Thursday, 23 April 2015

#PeopleAnalytics15 Data visualisation and storytelling




I’m at Tucana HR’s People Analytics conference today.  We had a session from Peter Howes earlier who noted that interpretation and telling a story is just as, if not more important, that the actual analytics he had been describing.  I agree, so I’ve been looking forward to the current session with Cole Nussbaumer, ex Google, on telling stories with data.

Andrew Marritt introduced the session by talking about Stephen Few who presented at one of Peter’s / Infohrm’s conferences I also spoke at some years ago and I saw links to some of his insights in Cole’s session.

We get taught how to tell stories and how to use numbers but not both together.  Doing so requires clarity about the business context, who is the audience and what we want them to do before thinking about how data can help make the appropriate point.

Options include simple text, tables (which interact with our verbal system) and graphs (which support our verbal system which is of course quicker.)  These include line graphs, slope graphs, bar charts, but probably not, as you’ll hopefully know if you’re working in analytics, pie charts.

It helps to remove clutter.  Here we talked about Gestalt principles of visual perception - including proximity, similarity, enclosure, closure, continuity and connection.  The more we take away the more our data stands out.

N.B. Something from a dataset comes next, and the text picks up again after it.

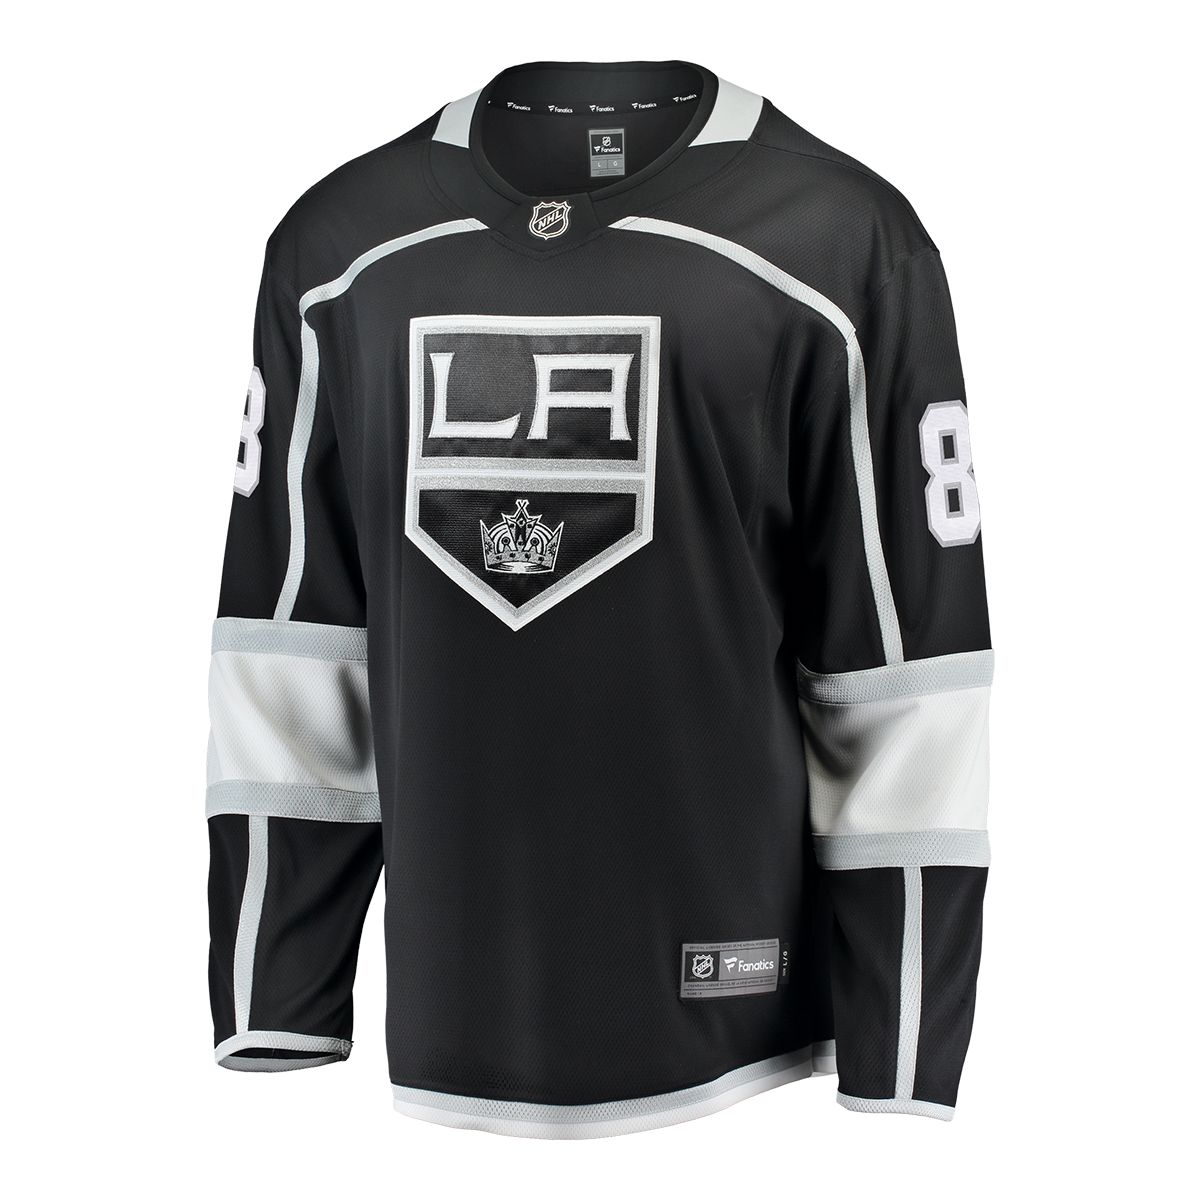 NHL Announces Uniform Deal With Fanatics

And to focus people’s attention.  We see stimuli with our eyes and our brains which is where perception takes place.  Eg we know about short and long-term memory but there is also Iconic memory which pays attention to pre-attentive attributes - including orientation, shape, line length, line width, size, curvature, added marks, enclosure, hue, intensity, 2D position, motion.  We can use this to provide a hierarchy of information.

The final need is to tell a story - a plot (what context is essential?), twists (what is interesting about the data and what it shows?) and an ending (what do you want your audience to do?).  This helps us retain information to tell to someone else.  Words have a very important role in helping describe data - annotate it with text.

Cole demonstrated the difference between a real life example of a client graph and how this would be developed using the above principles - simple, but not easy, and very important.